Mercure, J. P., Peters, Spain and Carpinello, JJ., concur.

Ordered that the order is affirmed, without costs.

. The extent of the two Medicaid liens for medical assistance expenditures on behalf of the infant had been placed in evidence during the trial.

. Plaintiffs’ motion before Supreme Court sought a reduction of the Medicaid liens to $101,791.96, a proportionate reduction based on the settlement amount. On appeal, plaintiffs now request a reduction to $103,000 by applying a different percentage. Utilizing either formula, the calculation results in a reduction to $103,122.56.

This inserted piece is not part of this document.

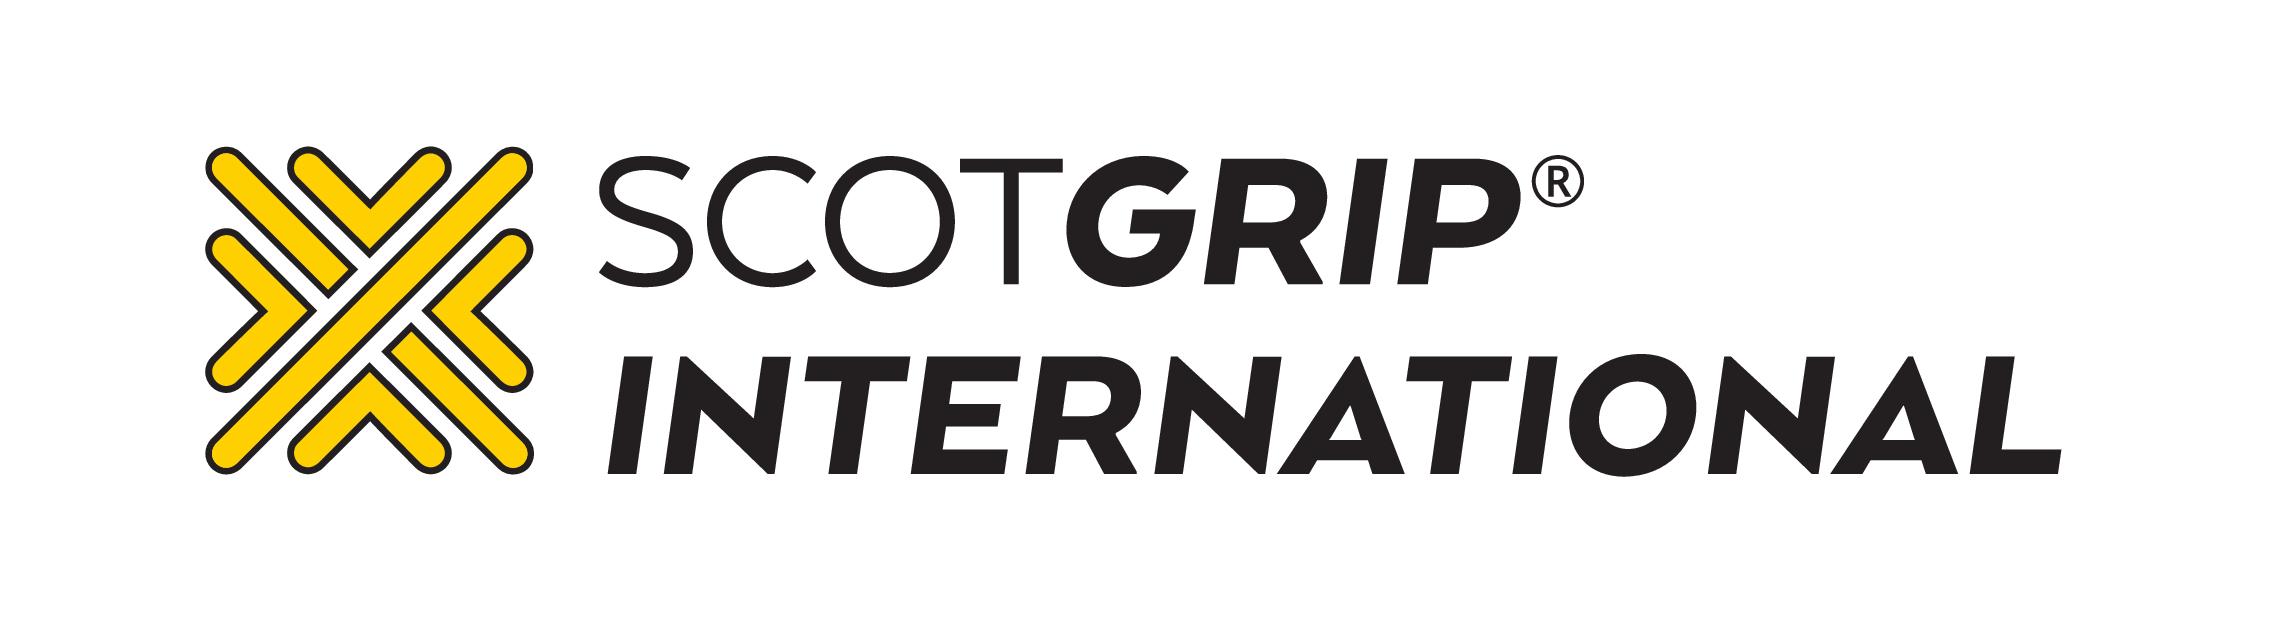 Scotgrip International logo

. Supreme Court’s allocation with respect to future care and the supplemental needs trust was predicated on the respective proportionate share of these damage items in the jury’s verdict. The court calculated that the jury’s award of $74,955,710 for future care was 86.6% of the total present *70value of the verdict ($86,531,999.20). After the Medicaid liens, counsel fees and disbursements were deducted from the settlement proceeds, the court deemed 86.6% of the balance allocable to the child’s postverdict medical and custodial care ($2,173,625.83), and all remaining proceeds ($336,334.71) were designated for a supplemental needs trust. This effectuated Supreme Court’s desire to retain the jury’s allocation of damages notwithstanding the reduction of the total award to $5,000,000.

. The Federal provisions governing the State’s medical assistance program are set forth in title XIX of the Social Security Act (42 USO § 1396 et seq.) and the United States Department of Health and Human Services regulations, administered through the Health Care Financing Administration, are found at 42 CFR 430.0 et seq.

. Although the Court of Appeals in Matter of Thurston v Durose (supra), in dictum, referenced the applicability of Social Services Law § 104 (2) to minors, that case did not involve an infant and did not address the interplay between Social Services Law § 104 and Social Services Law §§ 366 and 367-a.